Energy Transfer Partners LP (ETP), whose parent is buying Southern Union Co. (SUG) for $5.4 billion, said fourth-quarter profit dropped 28 percent because of lower earnings at its propane unit and natural-gas pipelines in Texas.
Net income fell to $91.87 million, or 41 cents per share, from $126.8 million, or 61 cents, in the fourth quarter of 2010, the company said in a statement yesterday. The earnings were 20 cents lower than the average of four analysts’ estimates compiled by Bloomberg.
Energy Transfer said a warm winter caused earnings before interest, taxes, deductions and amortization at its retail propane business to fall to $71.3 million from $94.4 million.
Energy Transfer, based in Dallas, sold its retail propane business in January to AmeriGas Partners LP (APU) for $2.78 billion in cash and partnership units.

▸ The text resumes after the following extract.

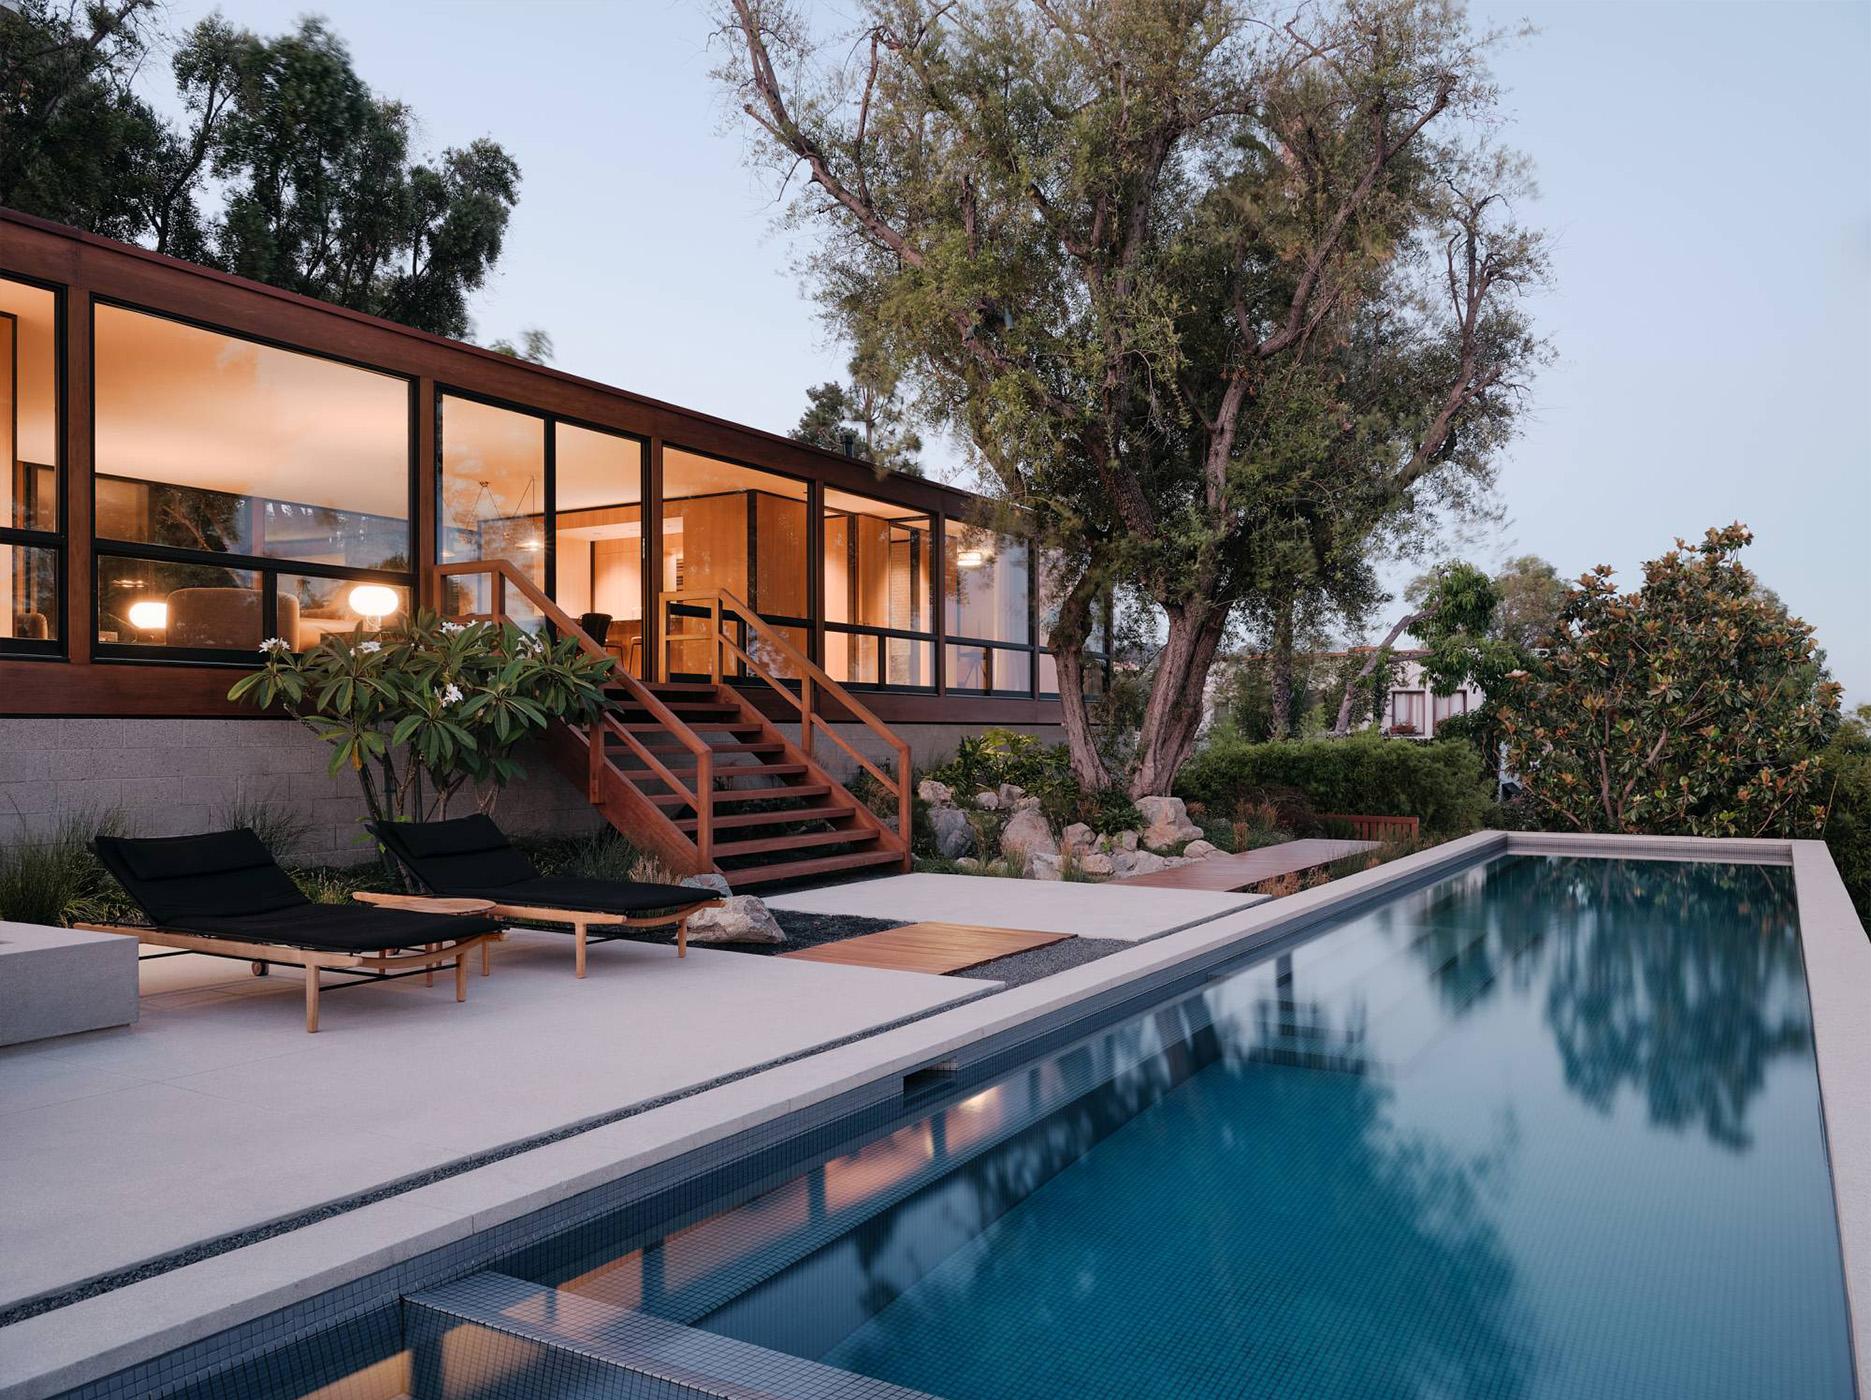 Moore-House-Restoration-Overgaard-Dyrman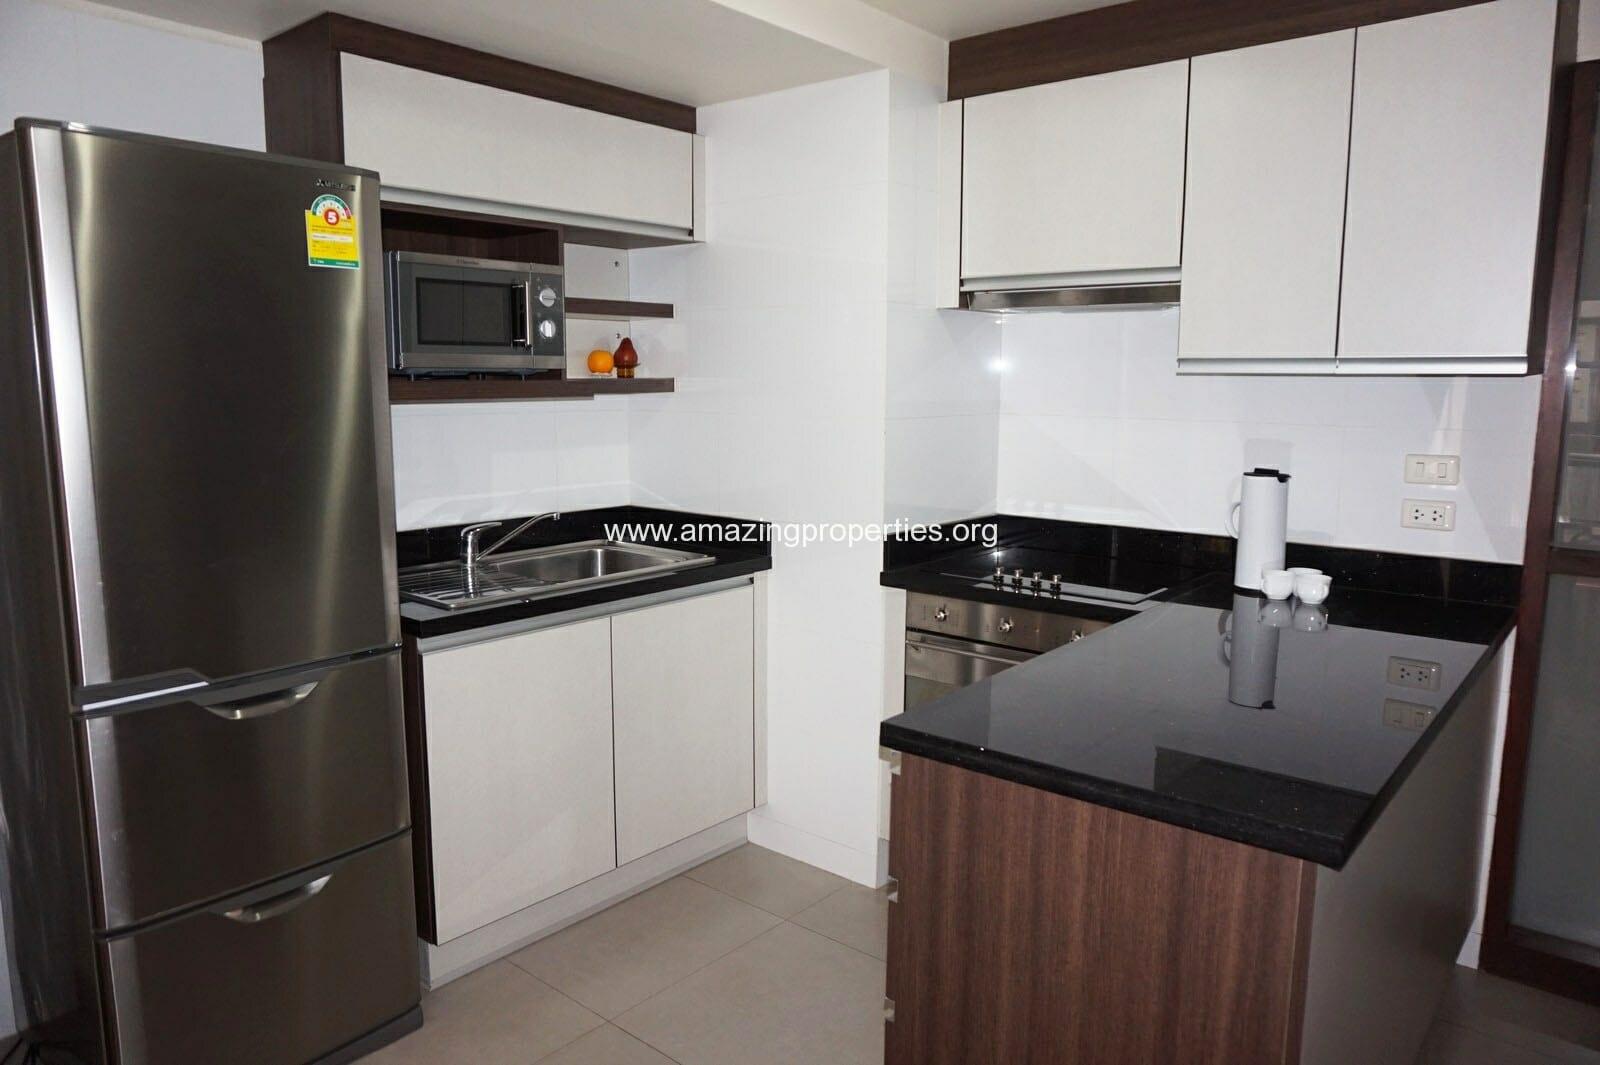 2 bedroom Baan Sukhumvit 14-1

EBITDA also fell at Energy Transfer’s intrastate pipeline business, which transports gas in Texas, while rising at its interstate and midstream units.
Energy Transfer’s parent, Energy Transfer Equity LP (ETE), is buying Southern Union for $44.25 in cash and partnership units. Chief Executive Officer Kelcy Warren has said the purchase will shift the company’s focus to the interstate business. The deal is scheduled to close by March 31.
The Texas intrastate results were slightly worse than projected, underscoring the need for the Southern Union transaction, John Cusick, an analyst with Wunderlich Securities Inc. in New York, said in an interview.
“The interstate looks to be the better part of the business now and hopefully going forward,” said Cusick. He rates Energy Transfer a “hold” and owns none of its partnership units.
The earnings were released after the close of trading. Energy Transfer Partners rose 1.6 percent to $48.27 at the close yesterday in New York.